Martin Luther King, Junior once said, ”Our lives begin to end the day we become silent about things that matter.”
He also said, “Three hundred years of humiliation, abuse and deprivation cannot be expected to find voice in a whisper.” We have been shocked and horrified by what we have seen in the past week but we have not been surprised. We have always known that racism is alive and well in our culture and around the world. And we hope that we have done what we can to address it. But the fact is that this level of anger was seething right below the surface and resulted in the conflagration we are seeing across our country, because we have not been doing enough. We were made equal and in the image of God and we have been given dominion to make a way for equality, fairness, justice and dignity. Being a Christian does not always look like a hug and a smile. Sometimes it looks like a sign and a march and a voice and a vote, o stand up, to step out, to speak up to cry out, to do more than talk the talk of our faith. But to walk the walk. Or march the march. Not because we hate each other. But because we LOVE each other. What Jesus asks of us is the hardest thing I can imagine. To answer hatred with love, to stand up to violence, with love, and not to be passive, but to get out in front of evil and stand in its way. Not matching anger with anger but meeting it with the far greater force of love.

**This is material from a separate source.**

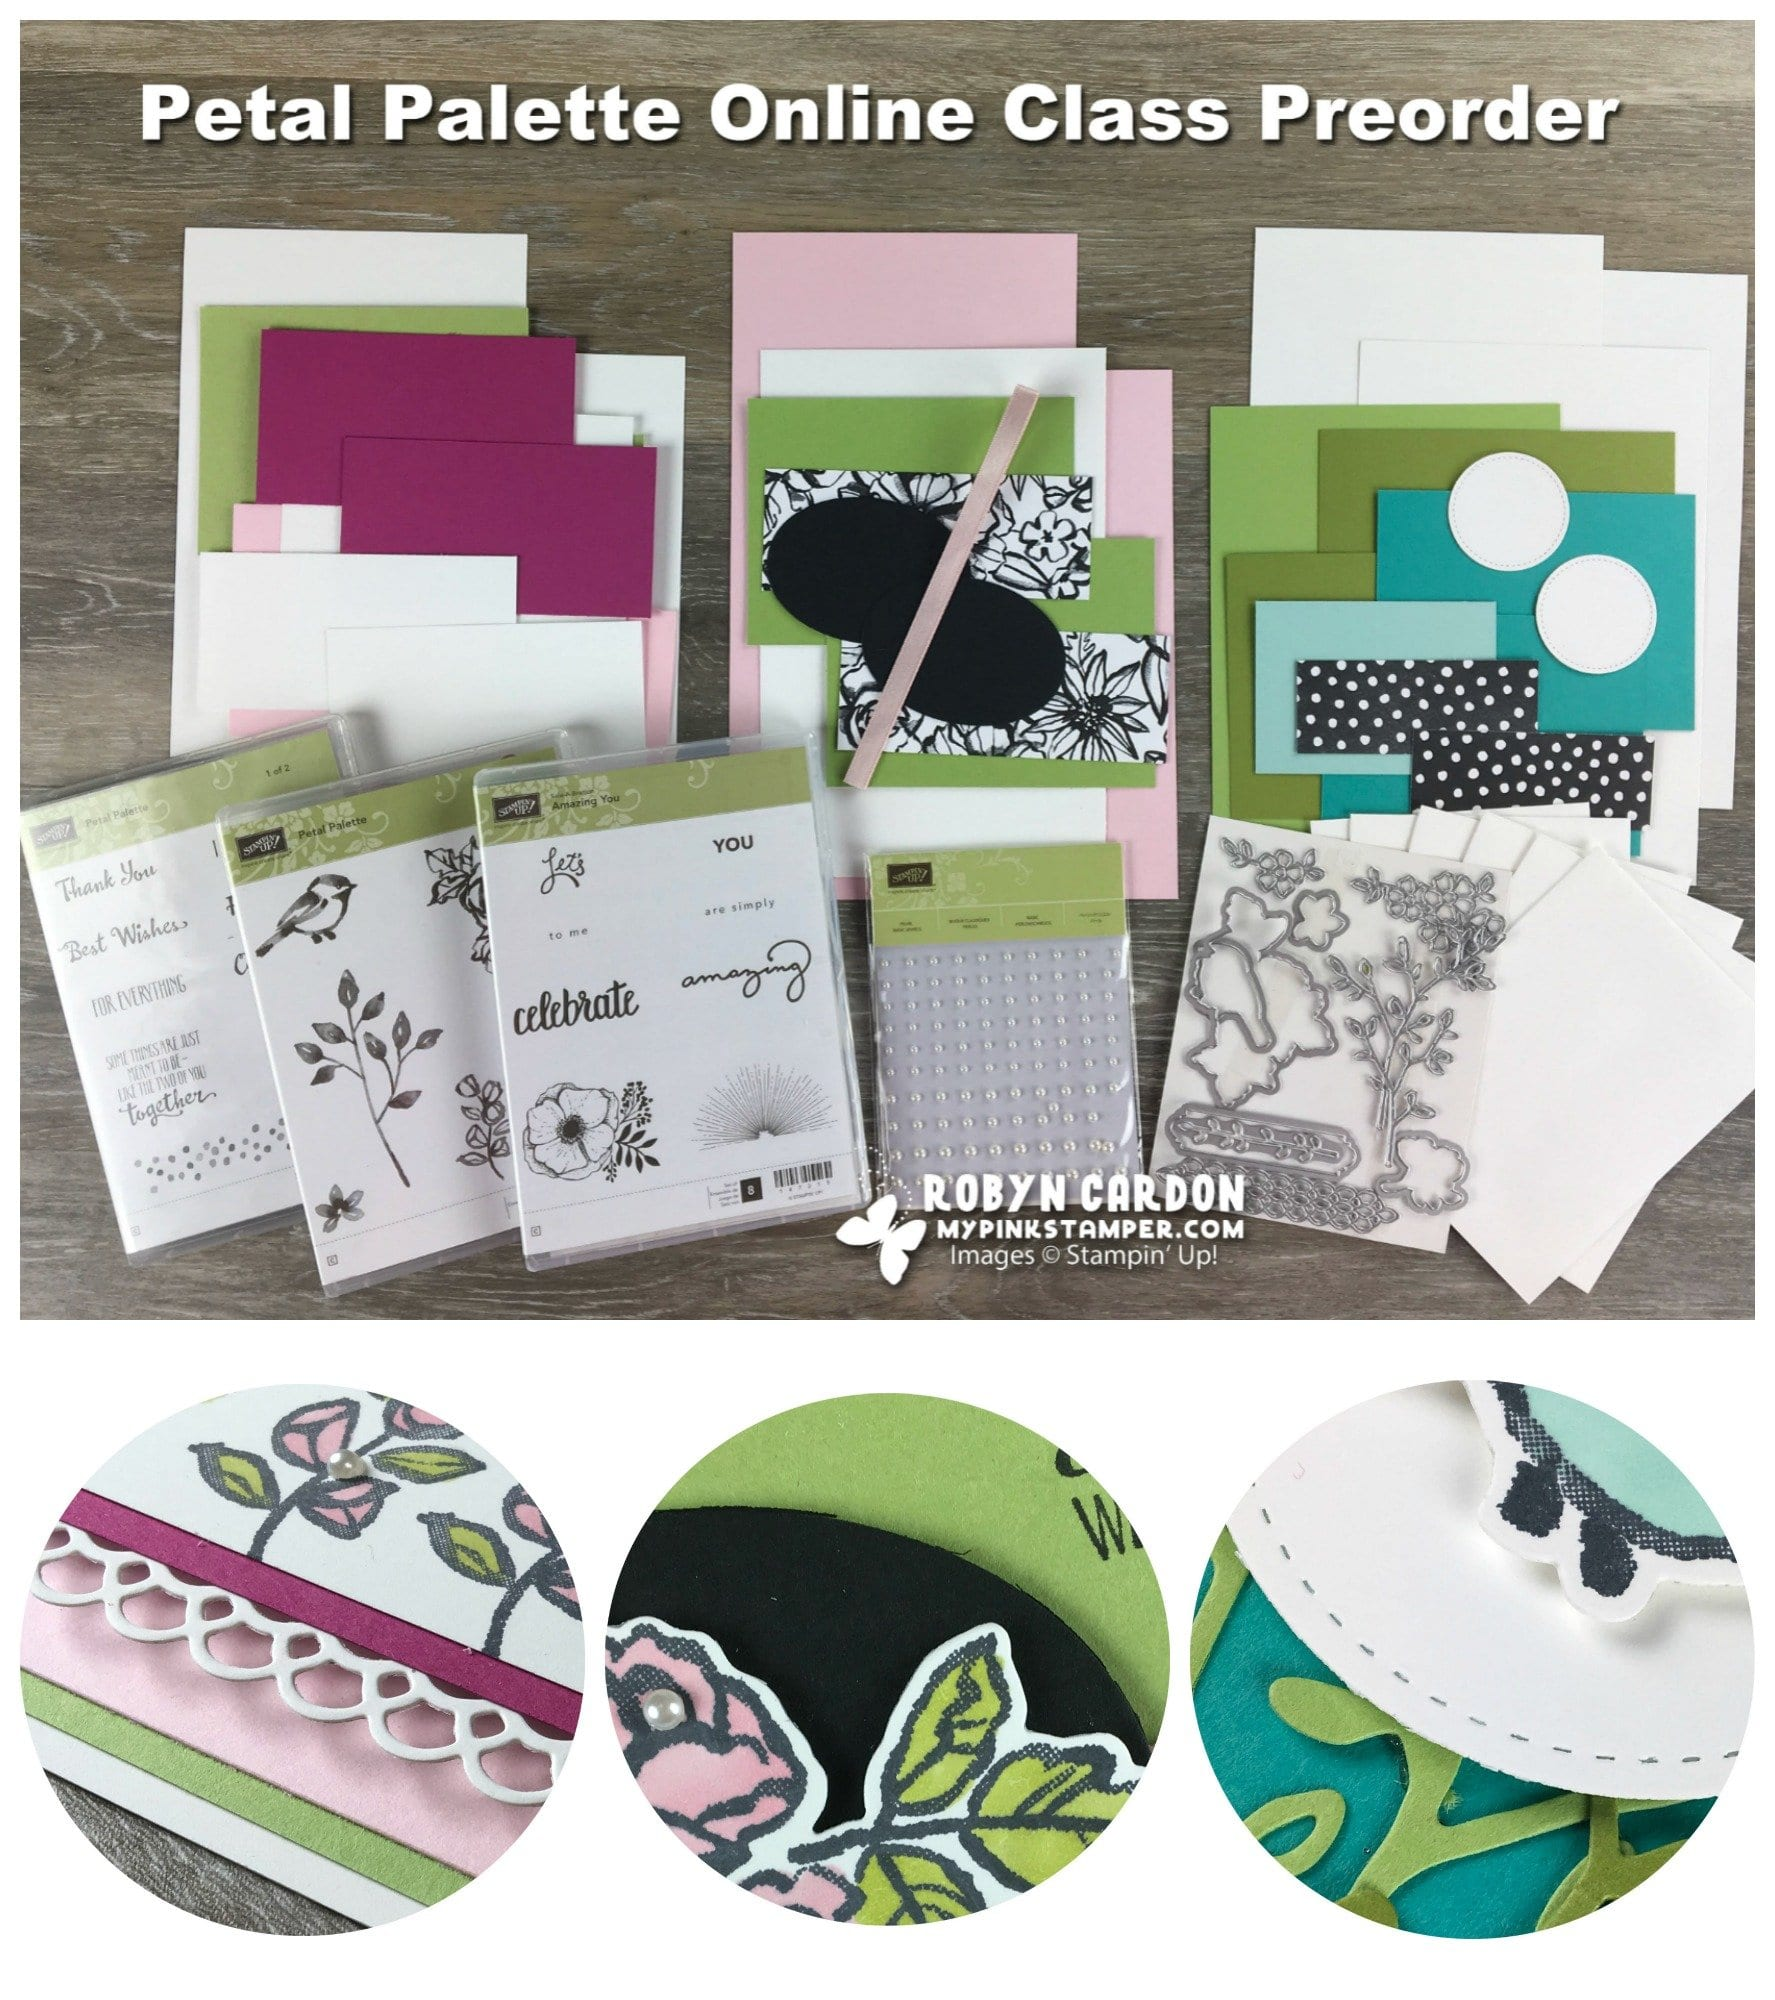 Petal Palette Online Class Preorder

THAT is what love looks like. THAT is what Jesus calls us to do.
I leave you with the familiar words from St. Paul’s letter to Corinth. I wonder if you will hear them slightly differently now. Love is patient, love is kind. It does not envy, it does not boast, it is not proud. It does not dishonor others, it is not self-seeking, it is not easily angered, it keeps no record of wrongs. Love does not delight in evil but rejoices with the truth. It always protects, always trusts, always hopes, always perseveres. Love never fails.